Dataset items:

§ §

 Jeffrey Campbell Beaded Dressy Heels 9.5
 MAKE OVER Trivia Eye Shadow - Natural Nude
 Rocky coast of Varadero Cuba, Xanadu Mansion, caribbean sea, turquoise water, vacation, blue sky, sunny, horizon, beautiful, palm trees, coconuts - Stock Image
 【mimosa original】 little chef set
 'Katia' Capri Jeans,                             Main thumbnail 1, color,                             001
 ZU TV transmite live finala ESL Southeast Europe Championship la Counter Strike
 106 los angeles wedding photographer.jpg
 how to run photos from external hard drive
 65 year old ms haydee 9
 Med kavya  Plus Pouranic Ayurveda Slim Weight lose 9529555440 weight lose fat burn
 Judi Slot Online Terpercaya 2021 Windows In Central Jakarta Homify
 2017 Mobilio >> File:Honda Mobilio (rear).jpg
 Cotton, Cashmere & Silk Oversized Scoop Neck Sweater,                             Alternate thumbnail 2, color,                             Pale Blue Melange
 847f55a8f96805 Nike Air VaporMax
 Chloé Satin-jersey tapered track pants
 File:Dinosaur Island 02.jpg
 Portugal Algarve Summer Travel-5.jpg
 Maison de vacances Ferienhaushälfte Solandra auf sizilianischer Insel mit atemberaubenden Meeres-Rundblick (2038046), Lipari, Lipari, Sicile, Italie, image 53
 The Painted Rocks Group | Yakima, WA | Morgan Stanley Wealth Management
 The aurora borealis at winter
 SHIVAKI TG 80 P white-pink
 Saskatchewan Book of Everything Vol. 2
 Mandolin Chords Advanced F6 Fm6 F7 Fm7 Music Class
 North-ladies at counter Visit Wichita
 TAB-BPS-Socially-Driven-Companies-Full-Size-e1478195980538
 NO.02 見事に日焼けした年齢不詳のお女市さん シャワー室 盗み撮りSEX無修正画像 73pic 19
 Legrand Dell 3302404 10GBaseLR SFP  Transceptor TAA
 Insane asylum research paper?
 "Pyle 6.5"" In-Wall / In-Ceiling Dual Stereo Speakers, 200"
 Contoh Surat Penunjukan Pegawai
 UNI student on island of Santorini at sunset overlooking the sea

§ §

### [Your assignment]
Pick out all lines from the data above in which the word "thumbnail" appears.

### [Result of this exercise]
 'Katia' Capri Jeans,                             Main thumbnail 1, color,                             001
 Cotton, Cashmere & Silk Oversized Scoop Neck Sweater,                             Alternate thumbnail 2, color,                             Pale Blue Melange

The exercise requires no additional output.